Learning From the Crowd: A New Approach to Social Learning

Author: Denis Avetisyan


This research introduces a method for agents to effectively learn from observing others, even when those observers have varying levels of expertise.

The framework investigates a social bandit learning problem, positing that effective collaboration necessitates balancing individual reward acquisition with the collective benefit of shared knowledge among agents within a dynamic environment.
The framework investigates a social bandit learning problem, positing that effective collaboration necessitates balancing individual reward acquisition with the collective benefit of shared knowledge among agents within a dynamic environment.

A free energy minimization framework combined with Thompson sampling enables robust social bandit learning in multi-agent systems.

While reinforcement learning typically focuses on individual experiences, humans and animals often benefit from observing others, revealing a critical gap in artificial intelligence. This paper, ‘Exploiting Expertise of Non-Expert and Diverse Agents in Social Bandit Learning: A Free Energy Approach’, addresses this limitation by introducing a novel social bandit learning algorithm grounded in free energy minimization and Thompson sampling. The method enables an agent to effectively learn from observing a population of diverse agents, even those with limited or suboptimal expertise, by strategically evaluating and integrating their behavioral information. Could this approach unlock more robust and adaptable learning systems capable of thriving in complex, dynamic environments?


Beyond the Isolated Agent: Embracing Collective Intelligence

Conventional reinforcement learning paradigms often depict agents as solitary entities, optimizing behavior through individual trial and error. However, this isolated approach represents a considerable simplification of the vast majority of natural systems, where organisms routinely learn from and interact with one another. From flocking birds and schooling fish to social insects and primate groups, collective behavior demonstrates that information sharing and observational learning are frequently more efficient than independent discovery. This is particularly true in dynamic and unpredictable environments, where the experiences of others can dramatically reduce the costs – and risks – associated with exploring novel strategies. Consequently, a growing body of research is challenging the assumption of isolated learners, recognizing that social interaction is often a fundamental component of adaptive behavior.

Traditional reinforcement learning often envisions agents acting in isolation, a framework that falters when confronted with the realities of complex and dynamic environments. These settings are rarely characterized by readily available, centralized information; instead, knowledge is frequently distributed across multiple sources and changes over time. An agent operating solely on its own experiences faces a significant disadvantage, requiring exponentially more exploration to achieve comparable performance to one capable of accessing external insights. This limitation is particularly acute in scenarios where the reward landscape shifts unpredictably, as individual learning struggles to keep pace with evolving optimal strategies. Consequently, the efficacy of purely individual-centric approaches diminishes rapidly as environmental complexity and information distribution increase, underscoring the need for alternative learning paradigms.

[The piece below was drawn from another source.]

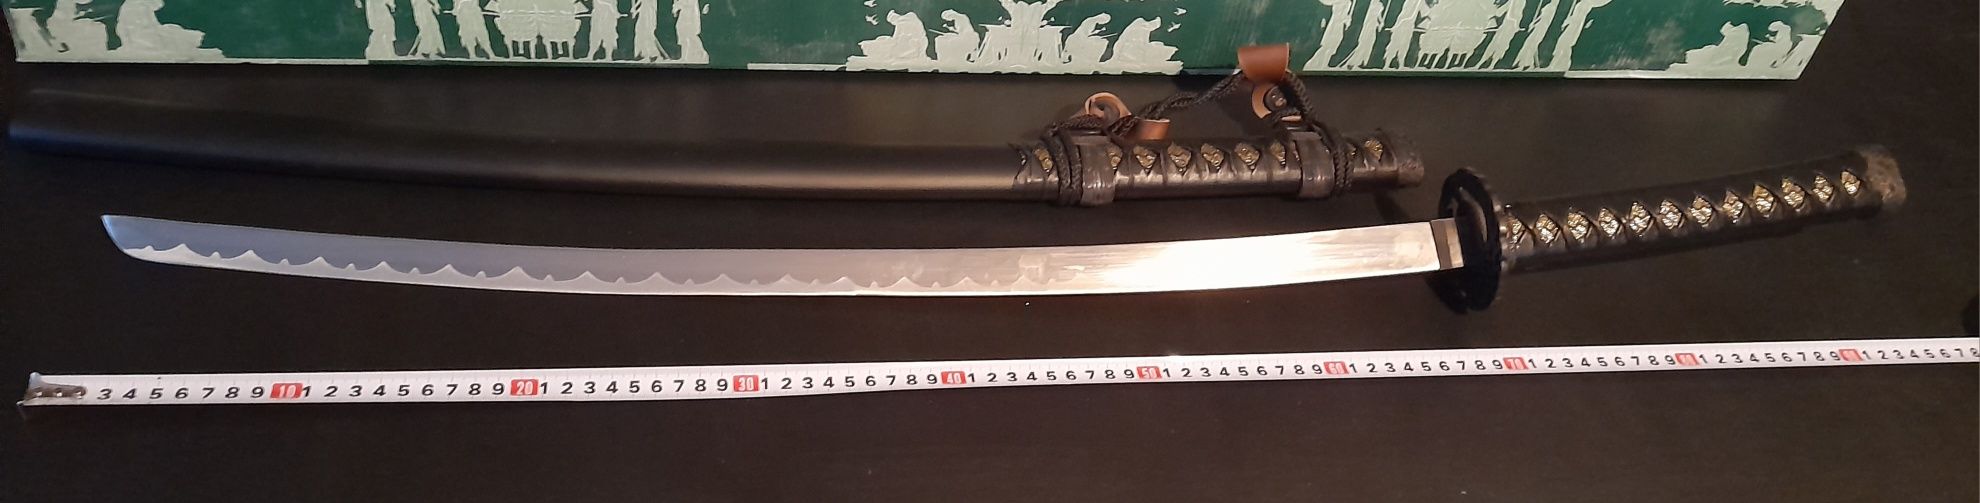 Сувенирный набор японских мечей
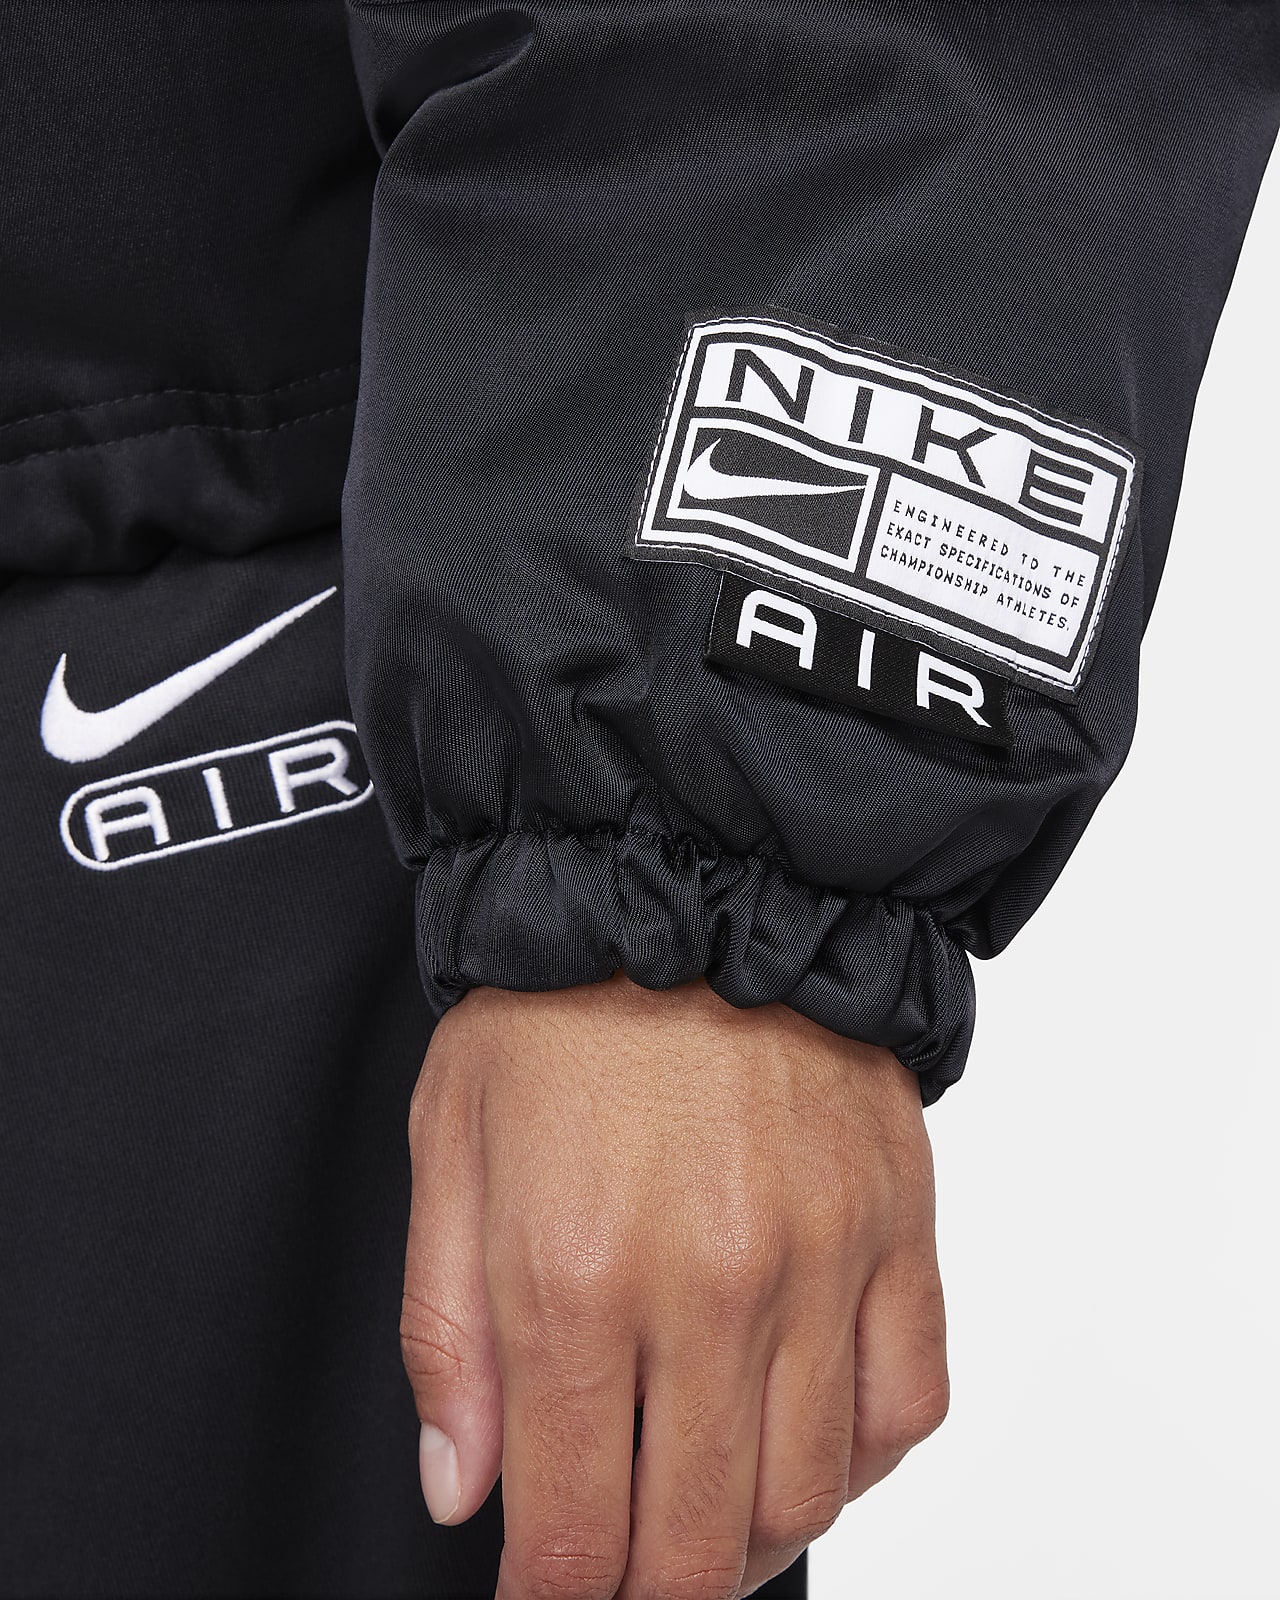 Nike Air Women's Oversized Woven Bomber Jacket

A central difficulty in reinforcement learning arises from the inherent tension between exploration and exploitation. An agent must continually decide whether to utilize currently known strategies that yield predictable rewards – exploitation – or to investigate novel approaches that might offer even greater benefits, but carry the risk of failure – exploration. This isn’t merely a matter of chance; it’s a fundamental optimization problem. Excessive exploitation can lead to stagnation in a changing environment, while unrestrained exploration may waste valuable resources and delay the acquisition of reliable rewards. The efficiency with which an agent navigates this tradeoff profoundly impacts its learning speed and ultimate success, necessitating sophisticated algorithms that dynamically adjust the balance based on environmental uncertainty and the potential for improved outcomes. \text{Reward} = \alpha \cdot \text{Exploitation} + (1-\alpha) \cdot \text{Exploration}

Effective adaptation in dynamic and complex environments often necessitates moving beyond individual trial-and-error learning. Organisms rarely operate in complete isolation; instead, they frequently benefit from observing and imitating the successes – and avoiding the failures – of others. This process, known as social learning, allows for the rapid acquisition of beneficial behaviors without the risks associated with independent exploration. By leveraging the collective knowledge of a population, individuals can bypass lengthy learning curves and quickly adopt strategies proven effective by their peers. This is particularly crucial in situations where environmental conditions change rapidly, or where individual exploration is costly or dangerous, demonstrating that the capacity to learn from others is often as important as the capacity to learn by doing.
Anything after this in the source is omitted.